─── Source data

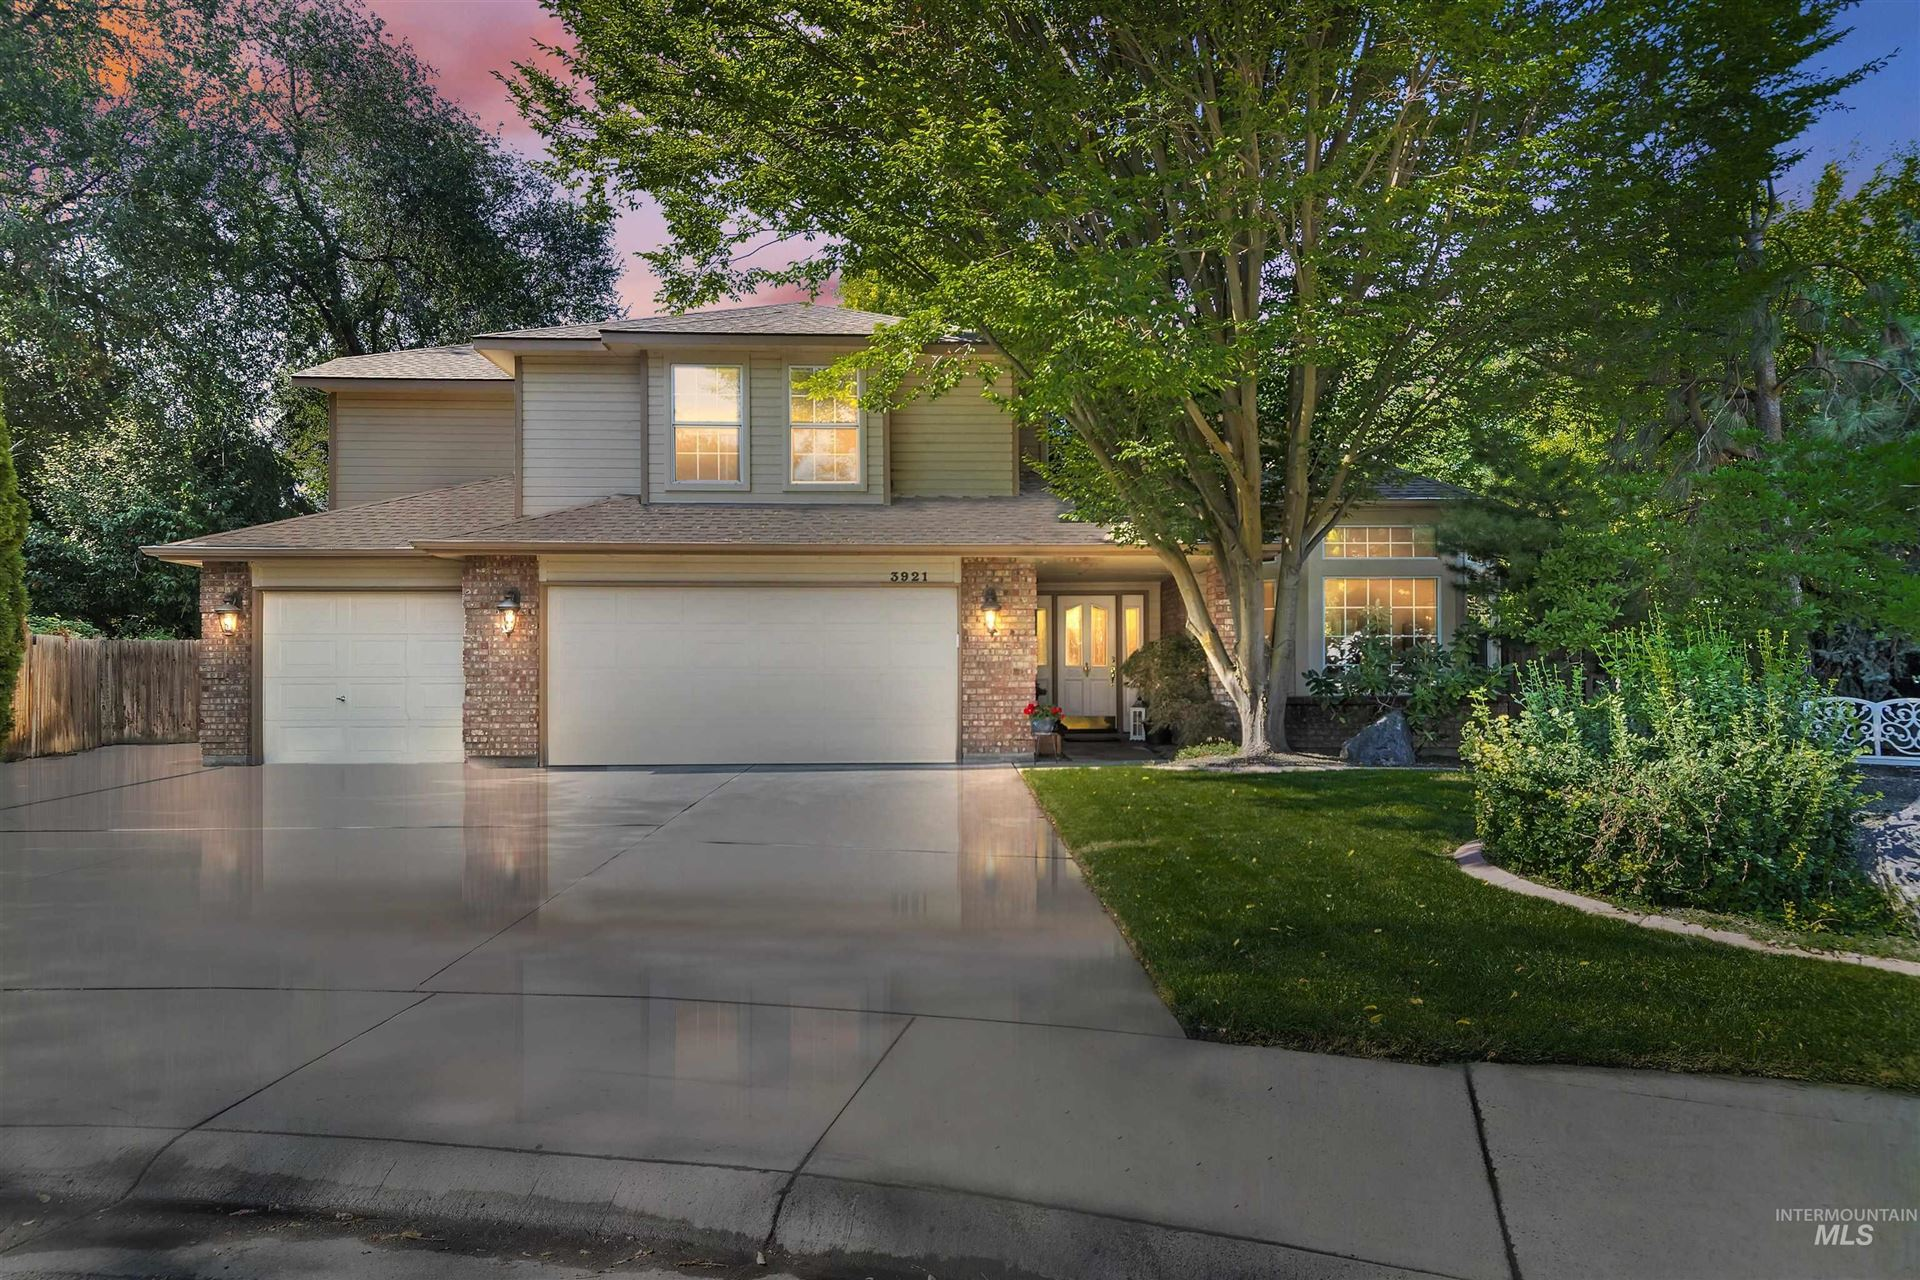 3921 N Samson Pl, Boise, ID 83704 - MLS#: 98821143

──────
─── Source data

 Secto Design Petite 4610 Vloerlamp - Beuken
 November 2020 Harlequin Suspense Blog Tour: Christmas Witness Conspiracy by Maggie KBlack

──────

## [Work item]
Lines to set down from above: the line with "Secto Design Petite 4610 Vloerlamp - Beuken", the line with "November 2020 Harlequin", and every line between, each exactly as written.

## [Answer]
 Secto Design Petite 4610 Vloerlamp - Beuken
 November 2020 Harlequin Suspense Blog Tour: Christmas Witness Conspiracy by Maggie KBlack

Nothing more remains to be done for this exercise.